(Data excerpt Opens)

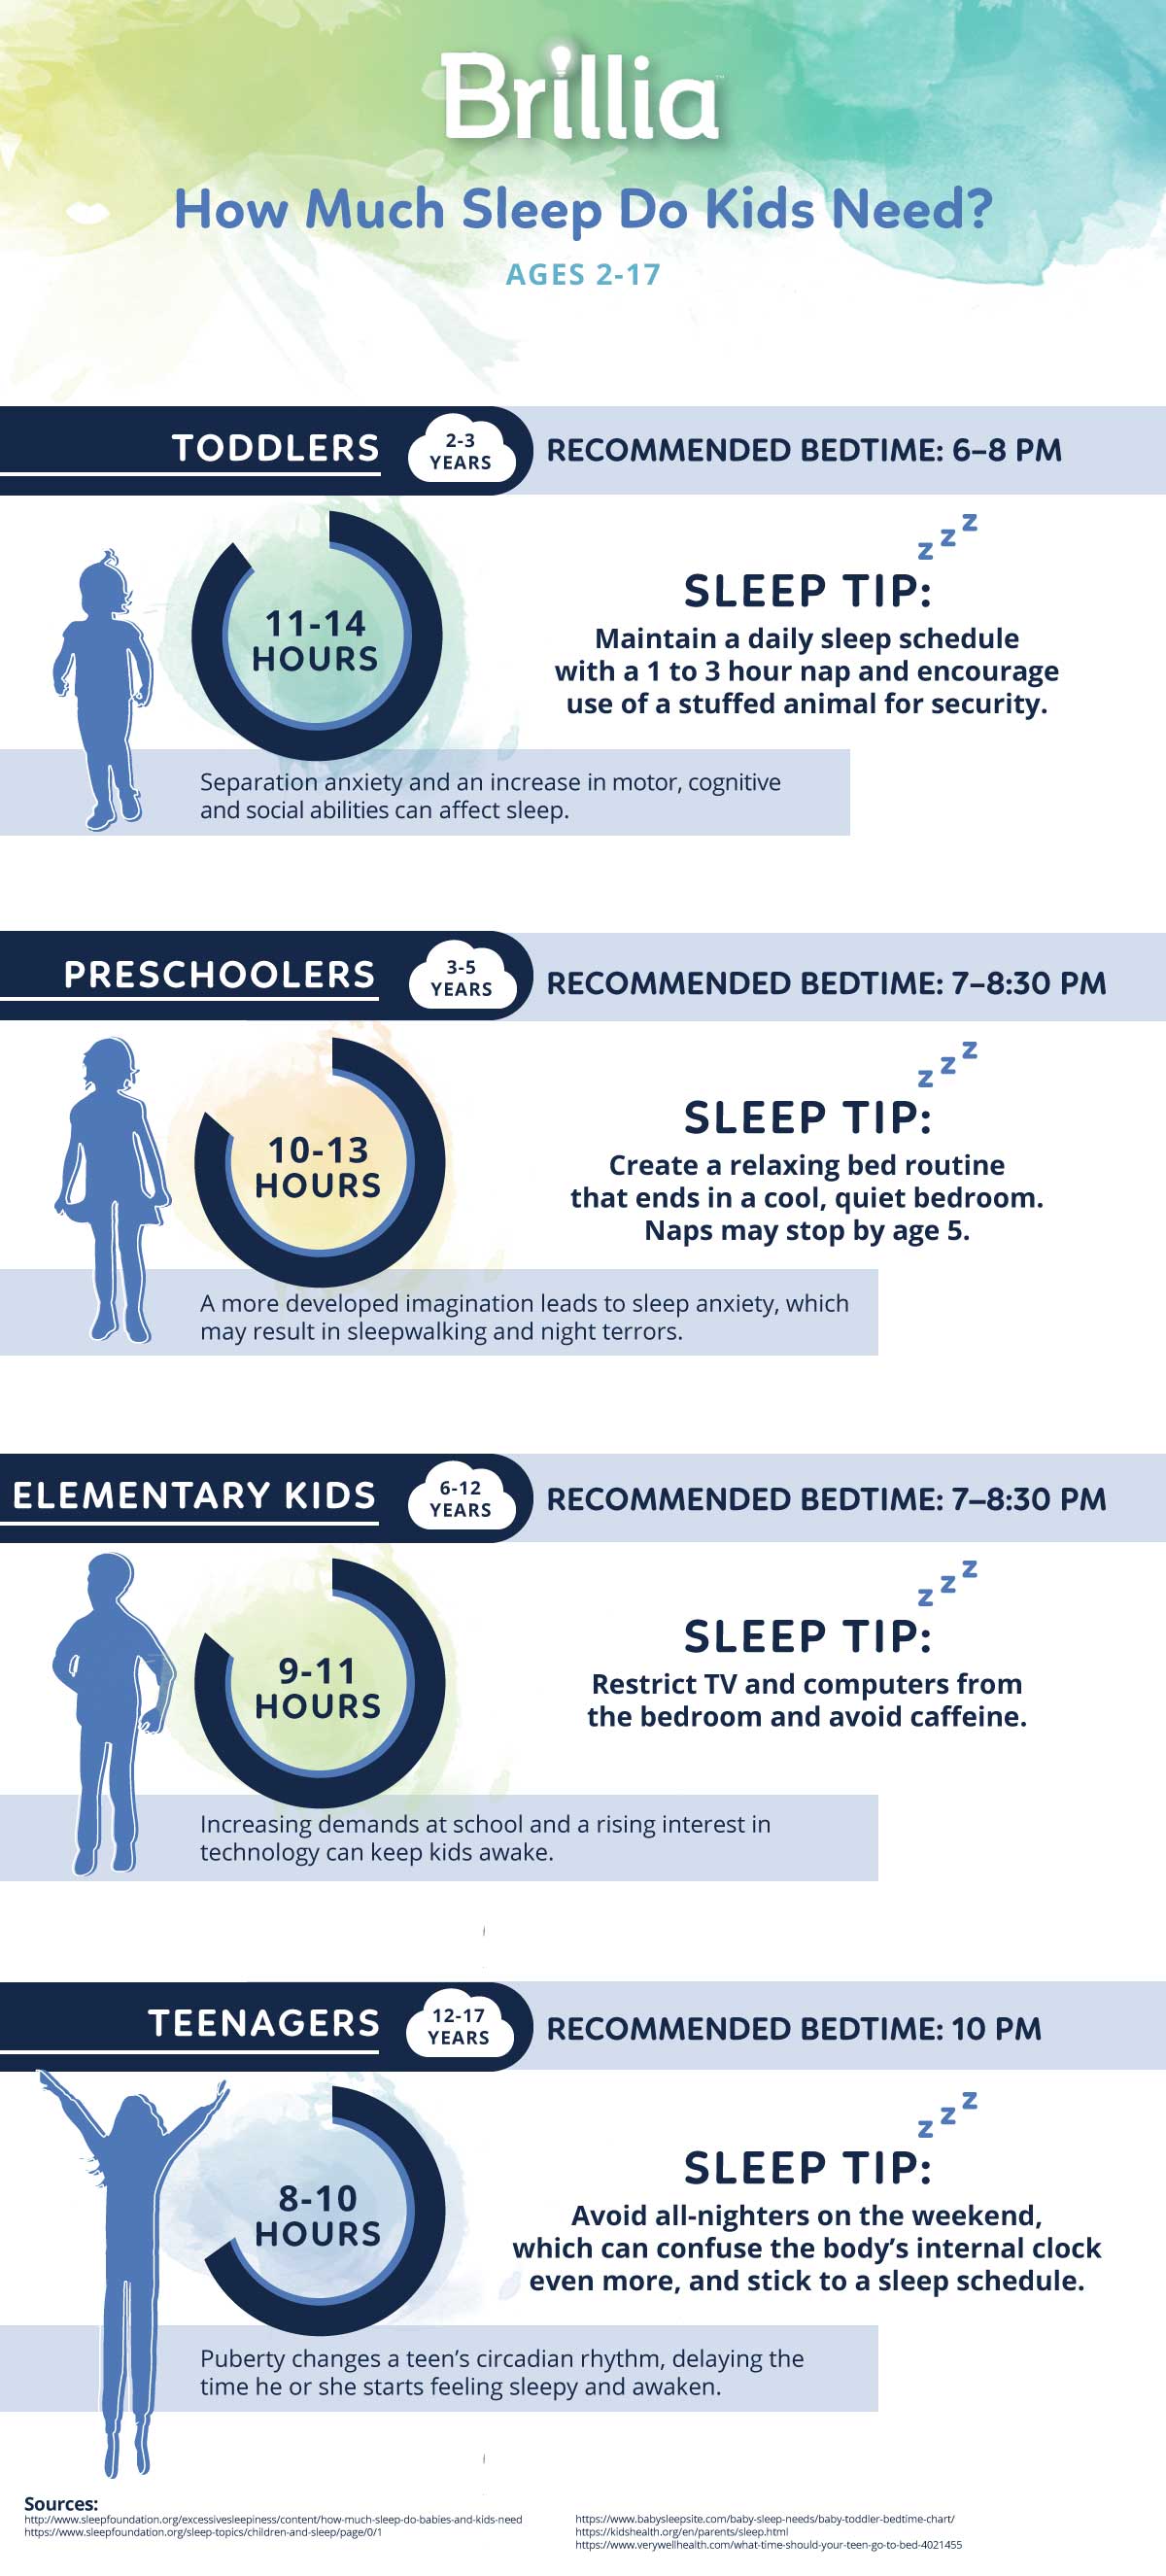 Infographic: Recommended Amount of Sleep for Kids Based On Age Range
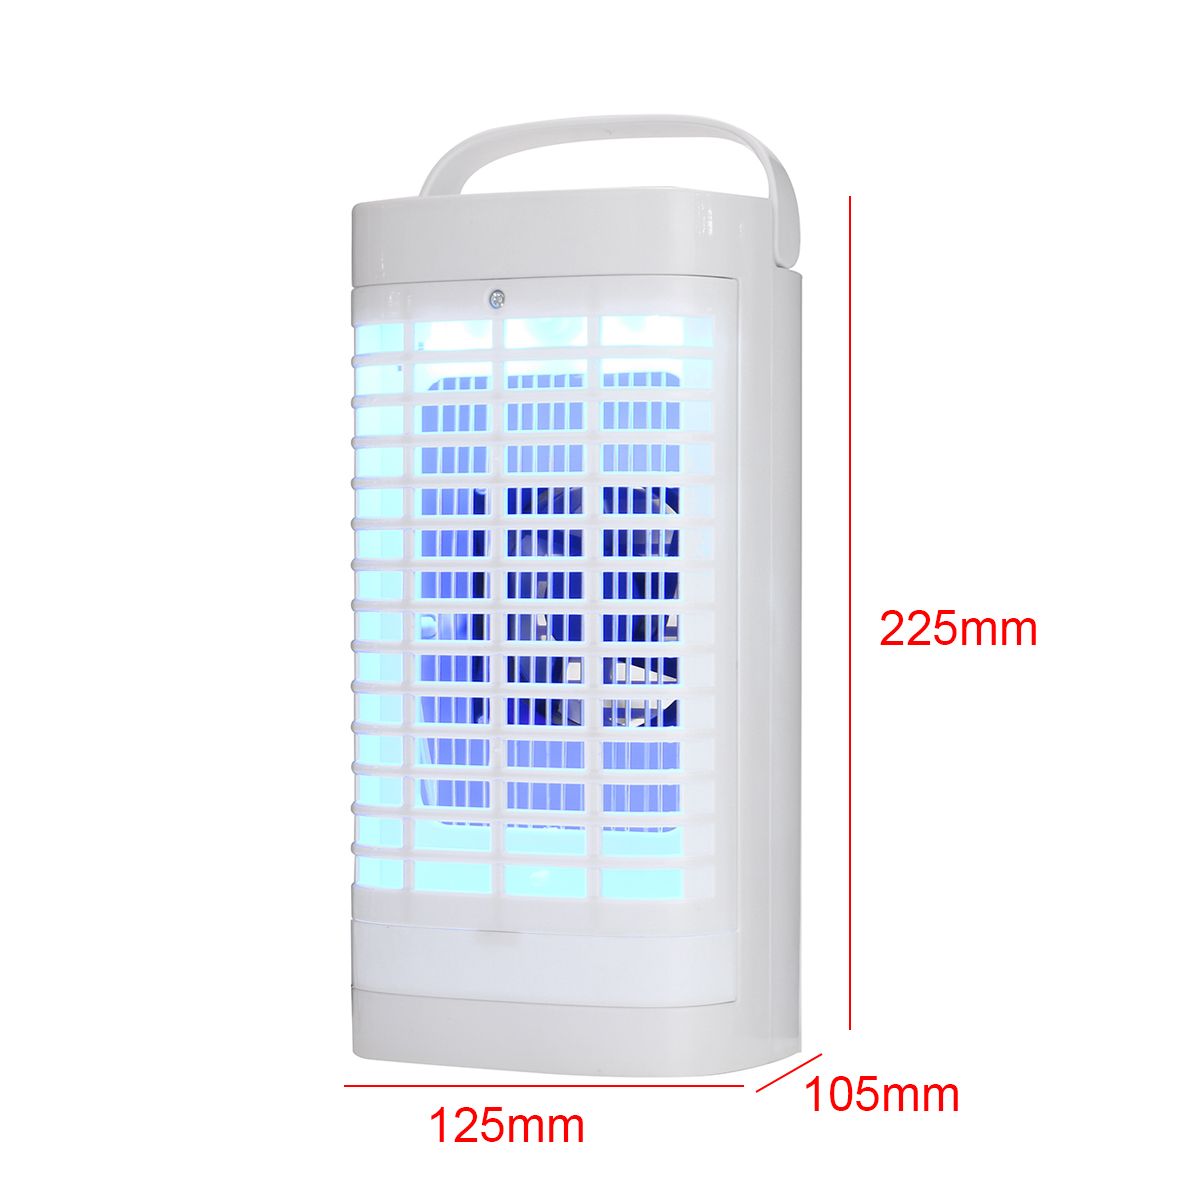 Electric-Shock--Suction-Mosquito-Repellent-Light-Mute-LED-Lamp-Insect-Killer-1678238
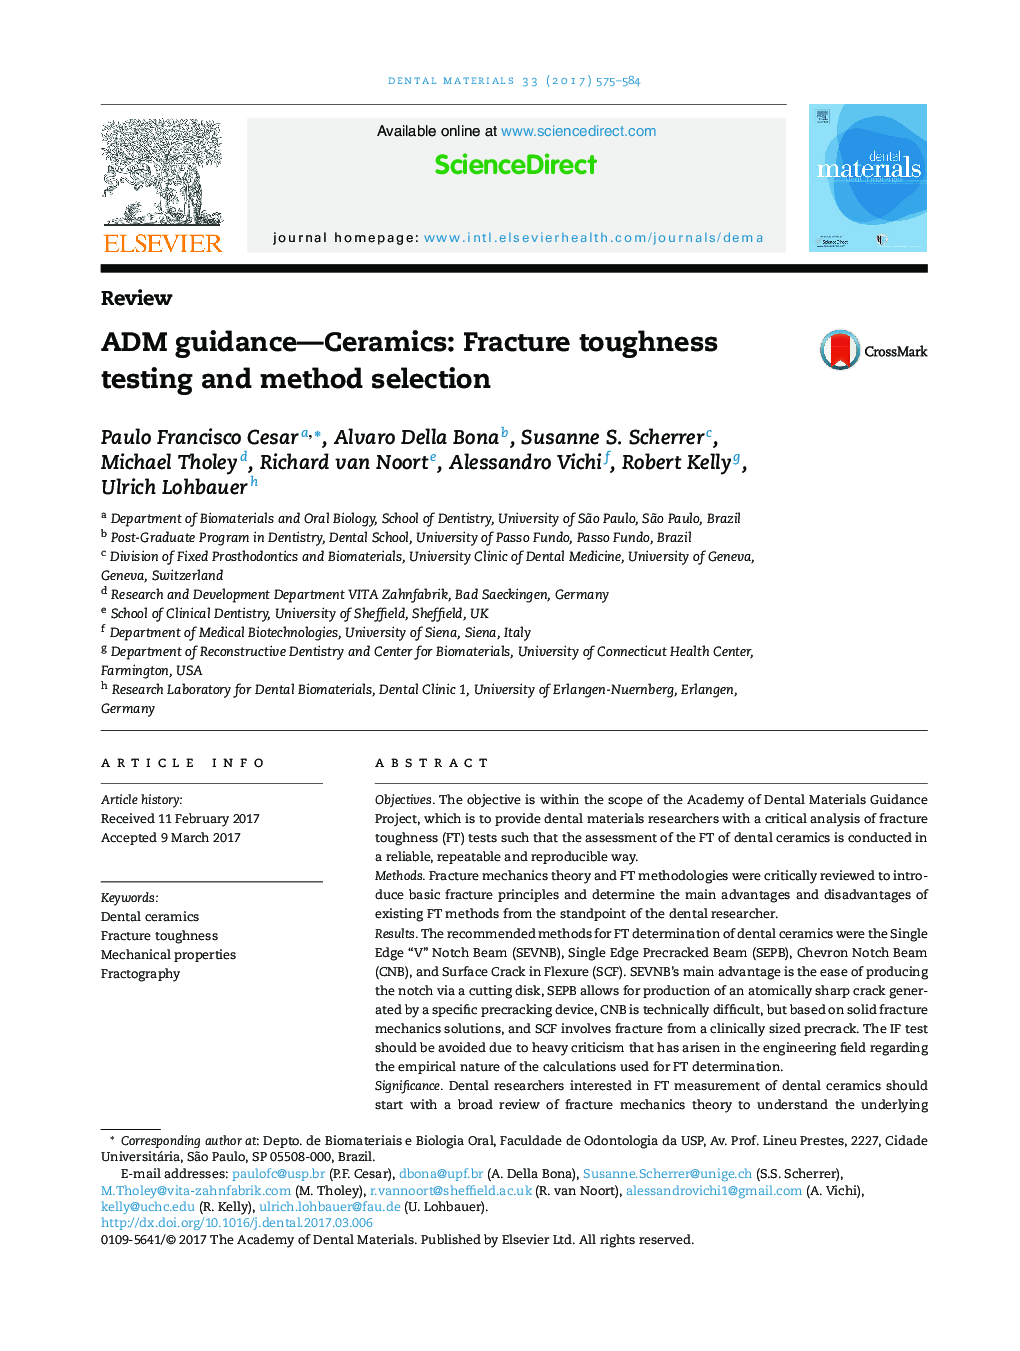 ADM guidance-Ceramics: Fracture toughness testing and method selection
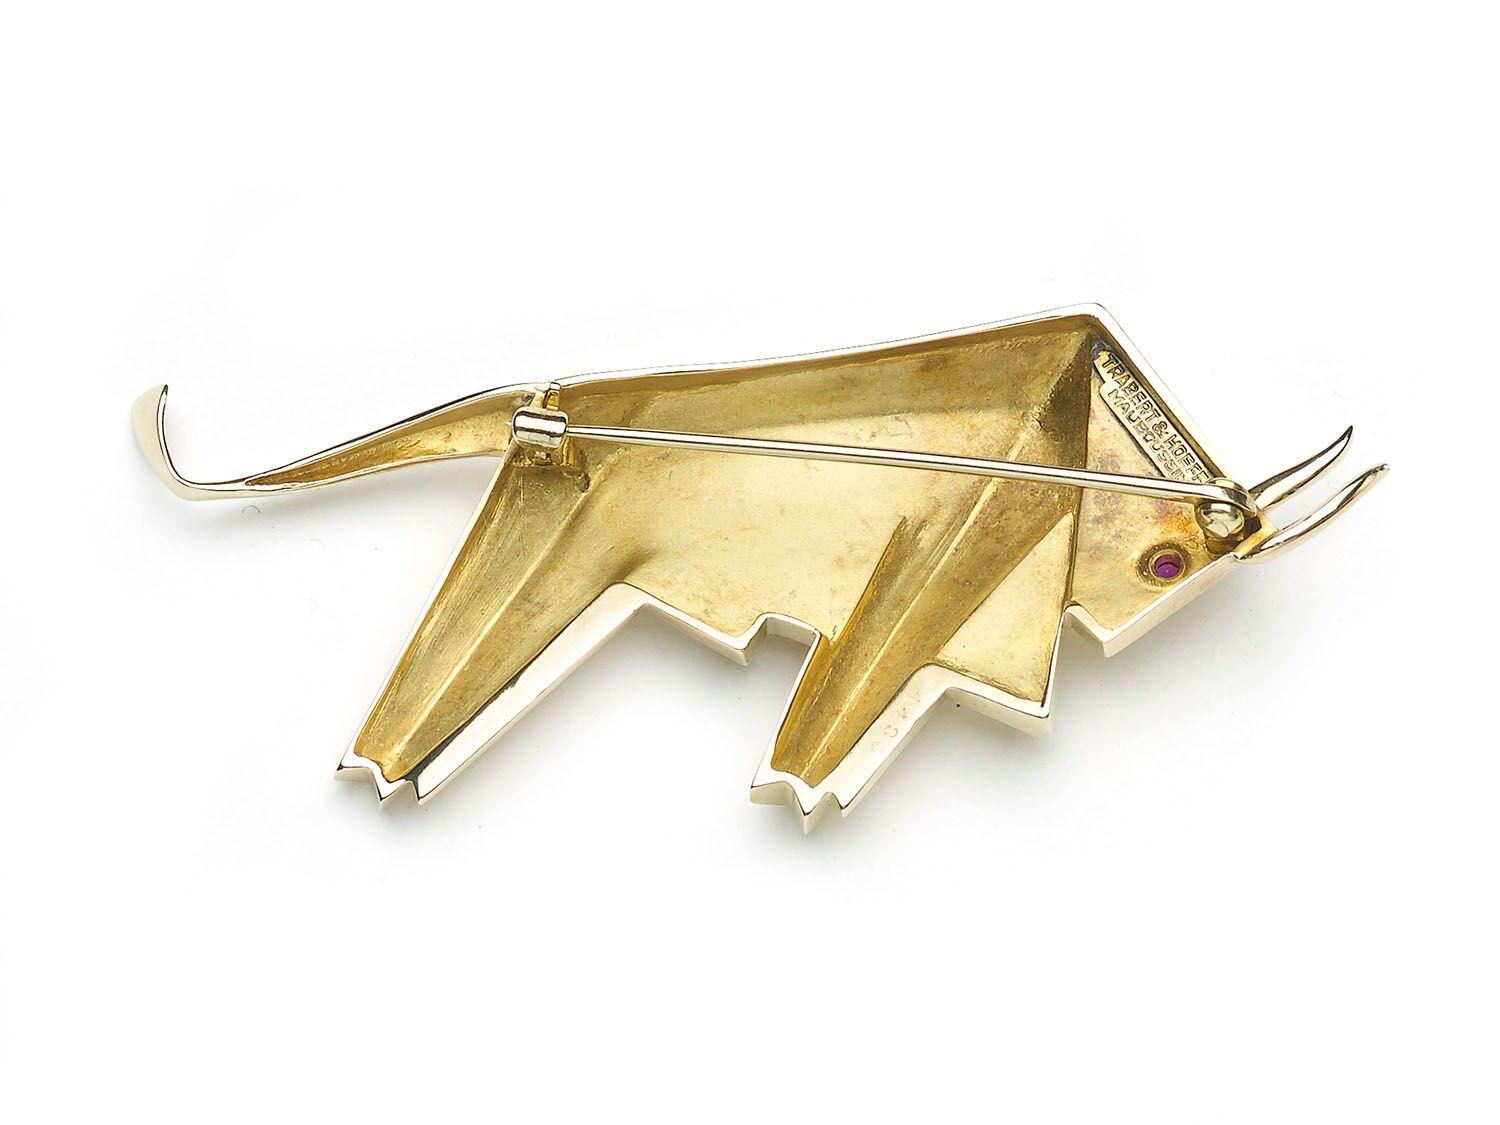 A modernist Trabert & Hoeffer – Mauboussin gold bull brooch, with a cabochon-cut ruby eye, mounted in 18ct yellow gold, circa 1945.

(Data excerpt Closes)

Assignment - Line by line, write out the data above exactly, without the pictures.

Exercise output -
 Infographic: Recommended Amount of Sleep for Kids Based On Age Range
 Electric-Shock--Suction-Mosquito-Repellent-Light-Mute-LED-Lamp-Insect-Killer-1678238
 ADM guidance-Ceramics: Fracture toughness testing and method selection
 A modernist Trabert & Hoeffer – Mauboussin gold bull brooch, with a cabochon-cut ruby eye, mounted in 18ct yellow gold, circa 1945.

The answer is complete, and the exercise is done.